Giles genuinely felt the hairs on the back of his neck rise. “ _What_ wasn’t? What was just a _joke_?”

“I got hold of some mandrake mix and put it in your beer.”

Randall actually had the audacity to grin cheekily at the confession, but Giles was appalled and gripped the handrail with white knuckles. Mandrake was incredibly dangerous stuff to an unprepared  practitioner of magick. Yes, he vaguely remembered the ‘mandrake in the beer’ incident. Yes, that _had_ actually happened, but it hadn’t played out like this. He dug deep into his memories: he hadn’t done any magick that day so it had had nothing to react against and he’d been all right. He remembered that he’d thrown it all up and punched Randall a couple of times, and the people in the house had actually laughed, but it hadn’t been a big issue. None of it had stayed in his system and there was certainly no trip to the hospital and no calls to his dad. But it could, Giles realised, have been fatal. Randall didn’t know if he’d done any magick, he hadn’t checked, because it was just a joke to him, and one that could have easily killed him. Giles’ anger started to rise at the incredible irresponsibility of his friend.

“And you thought that was a joke?”

“I thought it would be funny, yes. And it was, in a way. You went a strange colour and started shaking, which was funny, and then foaming and frothing. A sort of blue frothy foam,” Randall said in a dreamy, analytical way before catching the sharpness in Giles’ eye and adding hastily, “That was obviously less funny.”

“You could’ve killed me!” Anchoring himself with one had on the rail, Giles and pushed at his friend’s shoulder. “Did you even think of the possible consequences?”

“Come on, Ripper. This isn’t like you.”

“Yes it is! What the hell else did you do? Did you throw in some magick as well? Is my being here your fault?” Giles pushed him angrily again. “Well, is it? Is it?”

“Hey, I called you an ambulance.” Randall appeared to think he was the aggrieved party. “Show some gratitude please.”

“I’ll show you gratitude, you stupid, irresponsible moron.” Giles gave him another, more ruthless, shove. Whether it was the weakness from his ordeal, the sweat on his hands, or just that he’d used more force than he’d realised, he couldn’t say, but he lost his grip and then his balance, and he hit Randall with such a heavy blow that the surprised boy folded backwards over the railings, and with three sickening thuds of bone on metal, smashed head first into the ground.

For thirty seconds, all Giles could hear was the sound of his own heartbeat. No-one came running, no-one had apparently seen the incident. He forced himself to look over the railing and saw the twisted neck of his friend and what was clearly grey matter from a distorting head wound.
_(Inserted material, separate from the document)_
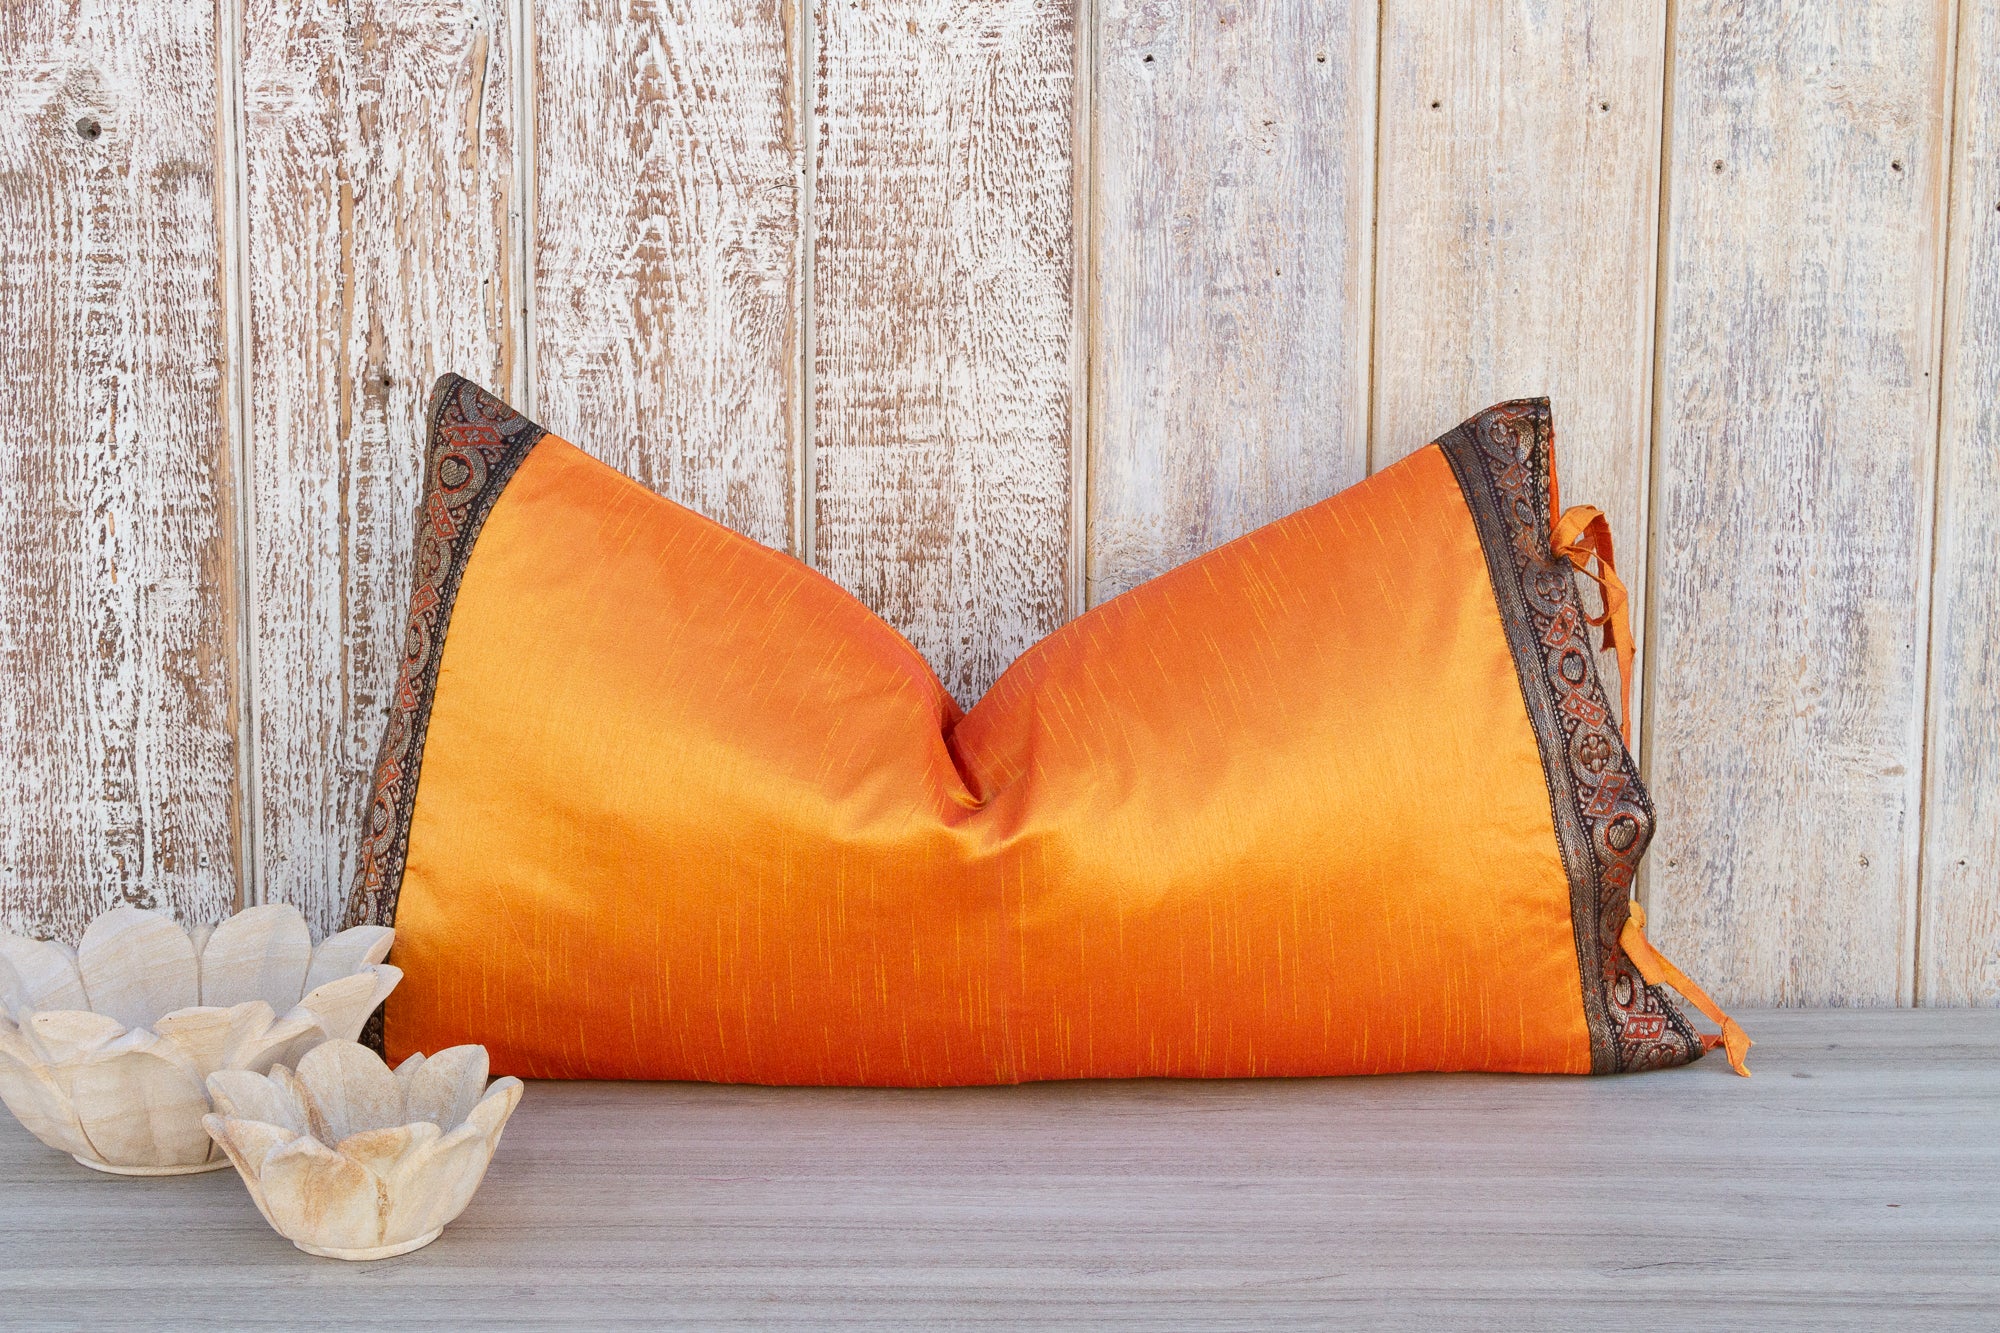 DE-COR | Ispirazione globale, Tangerine Grande cuscino di seta indiano festivo per la regina

Dead Randall. Like before. Very, very dead. And definitely dead of the unfunny kind, the sort of dead you couldn’t brush off lightly. Only this time the Council wouldn’t step in to support him. No-one was going to slap him on the back, accept his contrition, and welcome him back into the fold. This would be chalked up to basic thuggery and he wasn’t even sure if that were untrue. He looked at Randall’s accusingly lifeless eyes: definitely the unfunny kind of dead.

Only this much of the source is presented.